Bishop Dr Gordon Wong was elected Bishop of The Methodist Church in Singapore in 2020. He served as President of the Trinity Annual Conference from 2013–2020.

Creation Care in Psalm 104

Psalm 104 is one of the most extended meditations on Creation Care in the Bible. The Psalmist praises God for both creating and caring for the many, many different created beings in our world. The long list includes the heavens, the clouds, wind, lightning, the earth, the seas, the mountains (verses 2-9), valleys, springs, wild animals, donkeys, grass, plants, humans, trees, birds, storks (verses 10-17), goats, badgers, the moon and sun, lions, big fish, small fish, and even monster fish (verses 18-26). All of these are created by God and depend on God’s hands, face and breath to be sustained (verses 27-30). By using the same Hebrew word in verses 11 and 13, there is a playful implication that even the mountains, just like the animals, need God to provide them water to drink!

In such a long list of created beings, one writer comments that “humanity has only a bit part”. This is an exaggeration (humanity is named three times, although the mountains take pride of place with six references).
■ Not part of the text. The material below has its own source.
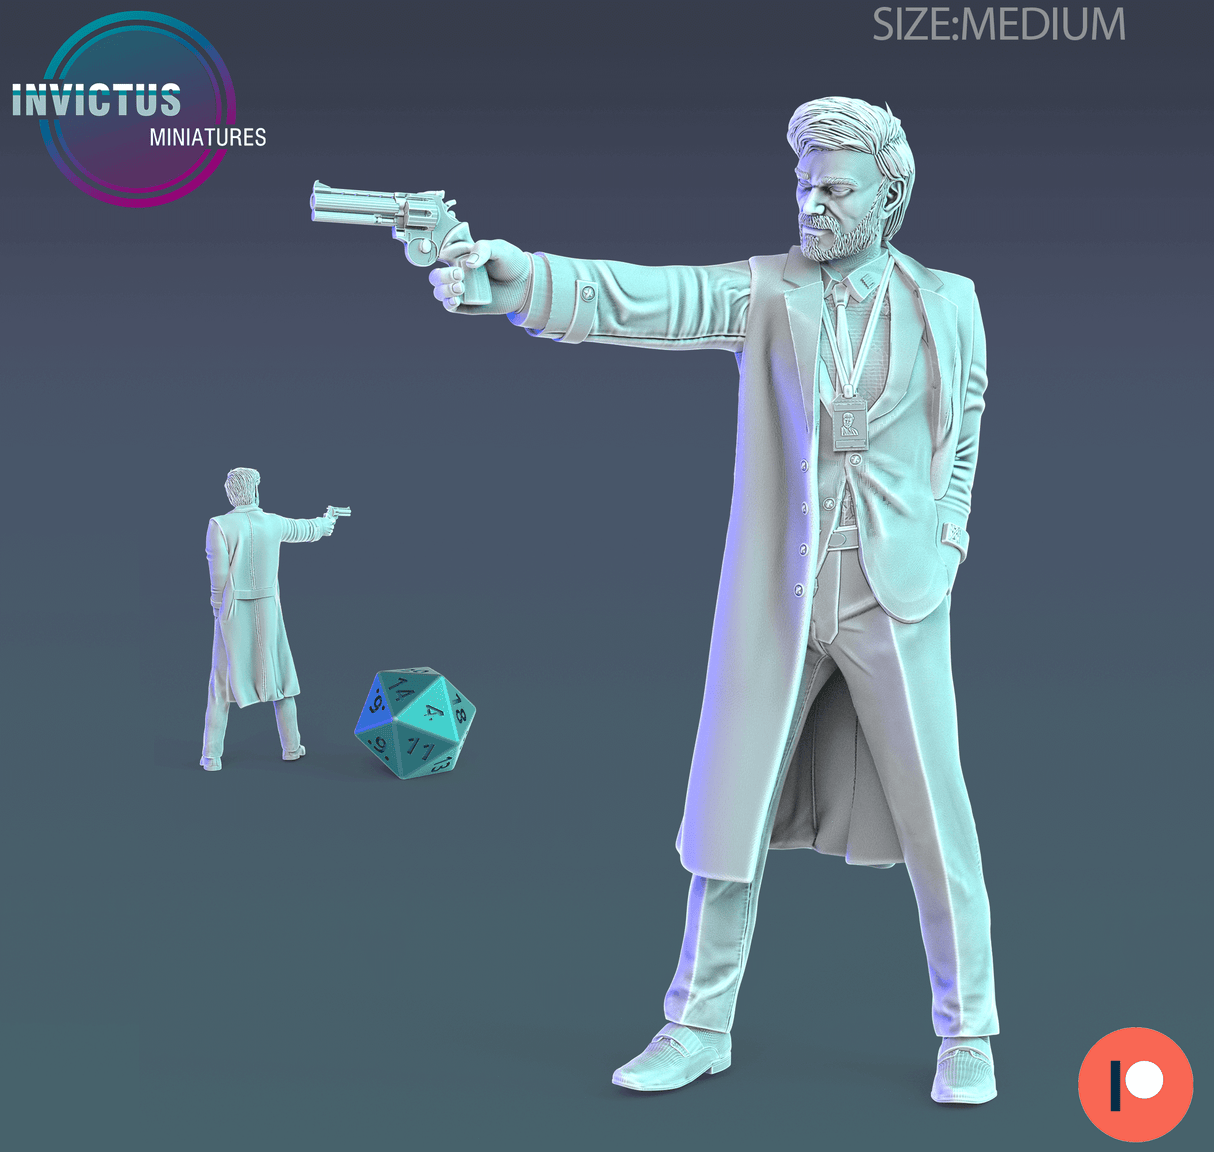 Miniatur eines Wissenschaftlers mit Revolver, bereit, sich gegen Gefahren zu verteidigen
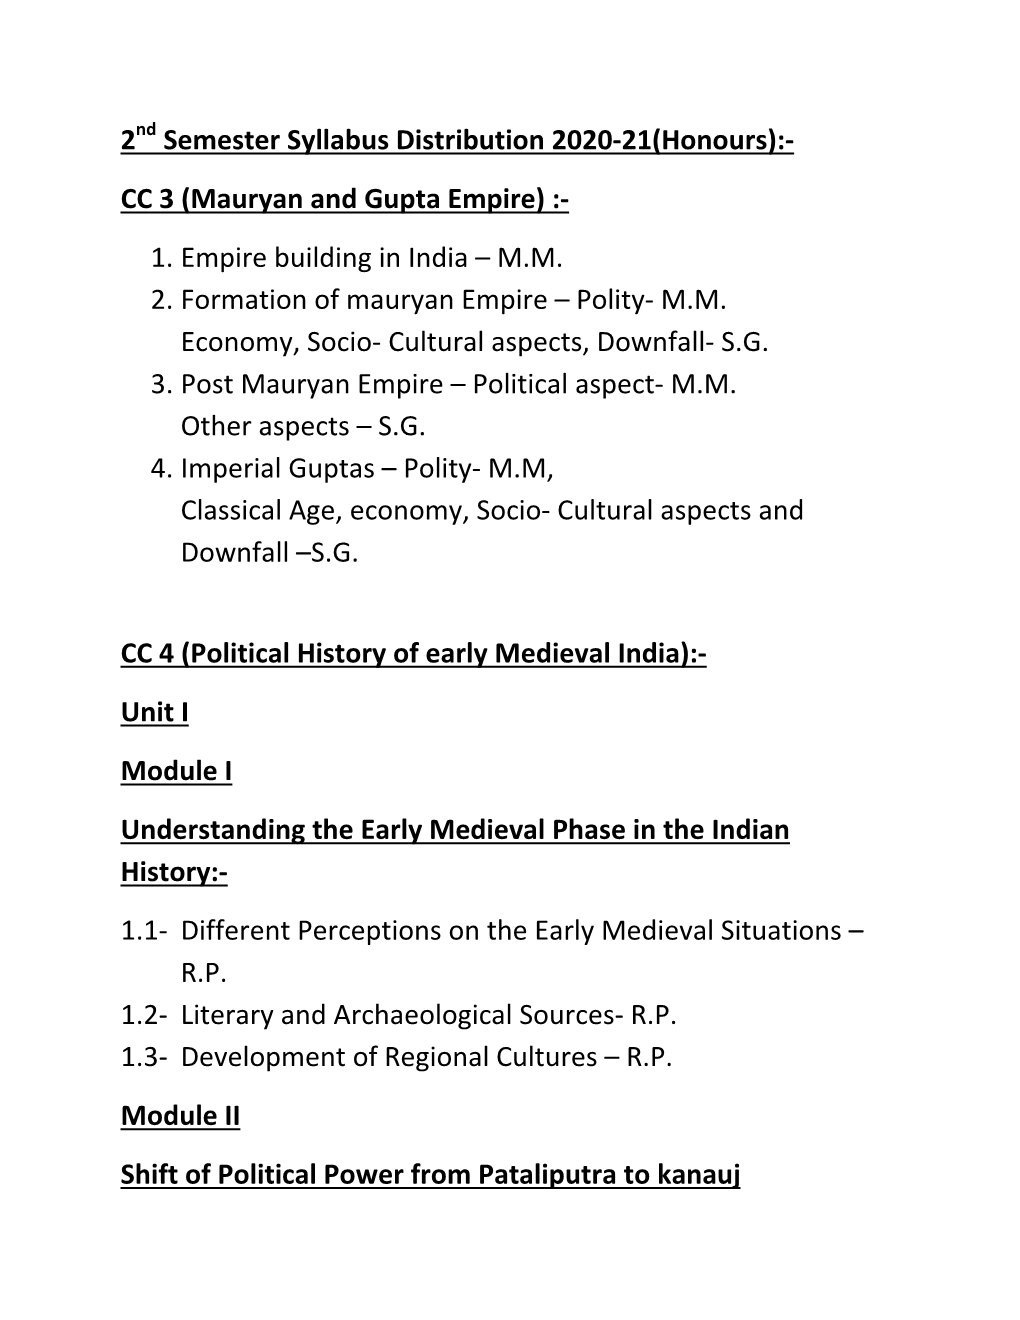 Mauryan and Gupta Empire) :- 1

But the writer’s point is that the God of Psalm 104 is lovingly concerned for all creation, and humanity should not lord herself over her fellow created beings. (The list in Psalm 104 puts both inanimate and animate beings alike under the care of the one God who created us all.) Indeed, the mandate to humanity in Genesis 1:28 “have dominion over” other created beings would seem to lay the lion’s share of responsibility upon humans to help God—in whose image humanity is made—to express care for all God’s creation. This mandate probably lies behind the sudden and unexplained anger with which the Psalmist ends:

May sinners vanish from the earth and the wicked be no more!

Psalm 104:35

Was the Psalmist angry at the way humans in his or her time were abusing God’s creation rather than caring for it? We cannot be certain, but we can certainly do our part to care for all of God’s creation. May all who abuse God’s creation be no more!